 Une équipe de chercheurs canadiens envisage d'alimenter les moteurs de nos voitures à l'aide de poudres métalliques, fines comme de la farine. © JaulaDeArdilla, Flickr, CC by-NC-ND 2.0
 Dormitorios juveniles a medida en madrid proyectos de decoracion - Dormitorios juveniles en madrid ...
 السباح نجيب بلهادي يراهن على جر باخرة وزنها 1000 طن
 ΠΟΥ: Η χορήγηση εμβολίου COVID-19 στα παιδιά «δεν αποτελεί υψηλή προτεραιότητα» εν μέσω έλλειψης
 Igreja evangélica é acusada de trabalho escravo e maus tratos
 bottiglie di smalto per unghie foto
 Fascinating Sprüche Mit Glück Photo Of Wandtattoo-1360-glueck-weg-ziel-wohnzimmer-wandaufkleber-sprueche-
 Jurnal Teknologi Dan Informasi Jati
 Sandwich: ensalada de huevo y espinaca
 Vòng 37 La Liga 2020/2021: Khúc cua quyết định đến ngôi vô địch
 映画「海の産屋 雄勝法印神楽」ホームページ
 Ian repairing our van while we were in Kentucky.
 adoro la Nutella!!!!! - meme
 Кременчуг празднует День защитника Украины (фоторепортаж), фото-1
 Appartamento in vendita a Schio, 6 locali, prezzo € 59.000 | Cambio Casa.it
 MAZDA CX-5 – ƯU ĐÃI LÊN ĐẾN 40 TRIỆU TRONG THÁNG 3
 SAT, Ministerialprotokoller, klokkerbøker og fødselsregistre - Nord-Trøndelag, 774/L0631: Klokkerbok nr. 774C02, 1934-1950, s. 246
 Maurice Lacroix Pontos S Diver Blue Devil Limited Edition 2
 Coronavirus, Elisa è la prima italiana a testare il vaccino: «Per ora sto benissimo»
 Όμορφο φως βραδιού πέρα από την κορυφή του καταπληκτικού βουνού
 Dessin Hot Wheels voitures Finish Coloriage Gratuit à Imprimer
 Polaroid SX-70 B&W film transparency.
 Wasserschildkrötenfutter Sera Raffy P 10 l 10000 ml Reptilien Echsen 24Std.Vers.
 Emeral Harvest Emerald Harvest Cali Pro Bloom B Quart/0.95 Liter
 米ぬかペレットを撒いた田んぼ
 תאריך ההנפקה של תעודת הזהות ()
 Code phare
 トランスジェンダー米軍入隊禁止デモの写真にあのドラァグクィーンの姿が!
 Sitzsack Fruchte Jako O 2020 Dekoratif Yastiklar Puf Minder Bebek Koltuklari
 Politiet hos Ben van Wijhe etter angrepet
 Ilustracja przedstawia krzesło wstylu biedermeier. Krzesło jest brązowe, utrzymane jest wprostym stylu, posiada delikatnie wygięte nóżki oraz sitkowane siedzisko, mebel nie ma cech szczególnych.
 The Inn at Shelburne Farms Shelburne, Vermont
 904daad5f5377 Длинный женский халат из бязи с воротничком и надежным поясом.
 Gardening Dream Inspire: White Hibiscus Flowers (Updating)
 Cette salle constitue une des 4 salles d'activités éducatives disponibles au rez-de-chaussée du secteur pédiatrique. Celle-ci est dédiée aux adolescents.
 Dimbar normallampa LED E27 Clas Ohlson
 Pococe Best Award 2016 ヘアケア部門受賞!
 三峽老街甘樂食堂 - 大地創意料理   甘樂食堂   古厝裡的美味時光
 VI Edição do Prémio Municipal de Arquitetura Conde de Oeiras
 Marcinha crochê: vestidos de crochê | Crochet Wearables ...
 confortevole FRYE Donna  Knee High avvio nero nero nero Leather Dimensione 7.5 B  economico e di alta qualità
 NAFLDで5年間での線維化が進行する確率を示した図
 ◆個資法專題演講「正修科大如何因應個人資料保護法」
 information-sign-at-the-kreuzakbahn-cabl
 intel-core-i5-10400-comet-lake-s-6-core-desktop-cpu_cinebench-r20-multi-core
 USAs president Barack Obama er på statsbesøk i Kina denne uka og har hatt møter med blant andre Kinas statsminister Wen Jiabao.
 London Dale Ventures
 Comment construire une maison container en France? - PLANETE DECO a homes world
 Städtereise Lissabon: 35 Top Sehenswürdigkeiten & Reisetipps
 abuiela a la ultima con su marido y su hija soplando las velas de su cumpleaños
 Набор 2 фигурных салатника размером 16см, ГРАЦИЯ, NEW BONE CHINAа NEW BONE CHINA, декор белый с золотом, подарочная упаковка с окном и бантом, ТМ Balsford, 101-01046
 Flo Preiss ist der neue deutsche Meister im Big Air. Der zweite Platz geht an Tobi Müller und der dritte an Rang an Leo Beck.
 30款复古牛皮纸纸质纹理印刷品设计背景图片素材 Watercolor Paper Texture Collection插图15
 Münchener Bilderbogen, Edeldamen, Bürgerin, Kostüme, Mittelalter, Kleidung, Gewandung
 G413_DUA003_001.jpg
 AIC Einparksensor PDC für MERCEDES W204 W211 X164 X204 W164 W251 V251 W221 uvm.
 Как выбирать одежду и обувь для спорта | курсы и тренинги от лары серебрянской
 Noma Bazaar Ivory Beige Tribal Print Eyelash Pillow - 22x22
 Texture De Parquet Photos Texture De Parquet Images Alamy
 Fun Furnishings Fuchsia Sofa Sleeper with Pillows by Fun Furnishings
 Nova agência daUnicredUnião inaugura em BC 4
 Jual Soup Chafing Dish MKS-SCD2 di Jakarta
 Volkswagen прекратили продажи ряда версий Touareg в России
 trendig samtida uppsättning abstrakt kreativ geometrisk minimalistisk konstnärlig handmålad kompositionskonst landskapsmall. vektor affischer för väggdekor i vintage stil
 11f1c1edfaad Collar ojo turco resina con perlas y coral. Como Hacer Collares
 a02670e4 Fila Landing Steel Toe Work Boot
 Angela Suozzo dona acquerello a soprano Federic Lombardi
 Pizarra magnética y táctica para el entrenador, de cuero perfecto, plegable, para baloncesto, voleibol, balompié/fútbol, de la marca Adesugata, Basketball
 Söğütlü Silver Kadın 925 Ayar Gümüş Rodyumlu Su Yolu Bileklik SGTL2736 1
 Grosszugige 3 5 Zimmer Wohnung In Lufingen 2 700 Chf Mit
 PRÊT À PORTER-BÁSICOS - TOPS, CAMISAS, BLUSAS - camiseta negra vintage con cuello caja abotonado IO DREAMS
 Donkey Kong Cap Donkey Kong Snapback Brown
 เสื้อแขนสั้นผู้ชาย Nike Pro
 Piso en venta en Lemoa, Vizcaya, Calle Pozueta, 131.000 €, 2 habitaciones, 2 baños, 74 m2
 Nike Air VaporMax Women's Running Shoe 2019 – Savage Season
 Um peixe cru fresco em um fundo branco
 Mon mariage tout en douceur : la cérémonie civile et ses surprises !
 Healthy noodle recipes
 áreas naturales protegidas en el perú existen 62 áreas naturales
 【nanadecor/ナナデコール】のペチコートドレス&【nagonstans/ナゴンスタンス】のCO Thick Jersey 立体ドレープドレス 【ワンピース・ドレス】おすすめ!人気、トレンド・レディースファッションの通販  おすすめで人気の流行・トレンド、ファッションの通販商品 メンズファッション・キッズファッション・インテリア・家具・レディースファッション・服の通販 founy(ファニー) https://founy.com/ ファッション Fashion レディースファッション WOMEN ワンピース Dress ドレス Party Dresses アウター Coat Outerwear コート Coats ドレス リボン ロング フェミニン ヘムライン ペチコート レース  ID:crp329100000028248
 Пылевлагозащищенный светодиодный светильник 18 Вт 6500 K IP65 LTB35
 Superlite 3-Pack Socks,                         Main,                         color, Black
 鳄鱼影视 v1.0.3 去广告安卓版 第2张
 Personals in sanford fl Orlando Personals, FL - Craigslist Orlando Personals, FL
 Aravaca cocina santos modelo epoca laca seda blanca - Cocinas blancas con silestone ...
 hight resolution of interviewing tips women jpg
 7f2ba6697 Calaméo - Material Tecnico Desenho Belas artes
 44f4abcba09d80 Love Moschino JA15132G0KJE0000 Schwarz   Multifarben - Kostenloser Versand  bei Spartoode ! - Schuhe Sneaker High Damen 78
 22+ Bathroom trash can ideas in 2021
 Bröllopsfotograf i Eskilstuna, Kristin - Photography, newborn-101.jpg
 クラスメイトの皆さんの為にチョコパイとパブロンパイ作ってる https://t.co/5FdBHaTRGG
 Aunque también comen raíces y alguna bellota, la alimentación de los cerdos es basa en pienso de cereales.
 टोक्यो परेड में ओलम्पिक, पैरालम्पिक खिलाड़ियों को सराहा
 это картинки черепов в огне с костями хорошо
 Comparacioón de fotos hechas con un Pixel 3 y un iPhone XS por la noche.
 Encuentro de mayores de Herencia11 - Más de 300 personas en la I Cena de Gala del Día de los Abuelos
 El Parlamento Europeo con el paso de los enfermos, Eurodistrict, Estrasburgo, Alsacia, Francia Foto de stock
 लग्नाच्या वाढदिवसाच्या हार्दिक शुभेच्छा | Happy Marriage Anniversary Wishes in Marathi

———

The expected answer is every line in the data above that carries the string "Texture".

 30款复古牛皮纸纸质纹理印刷品设计背景图片素材 Watercolor Paper Texture Collection插图15
 Texture De Parquet Photos Texture De Parquet Images Alamy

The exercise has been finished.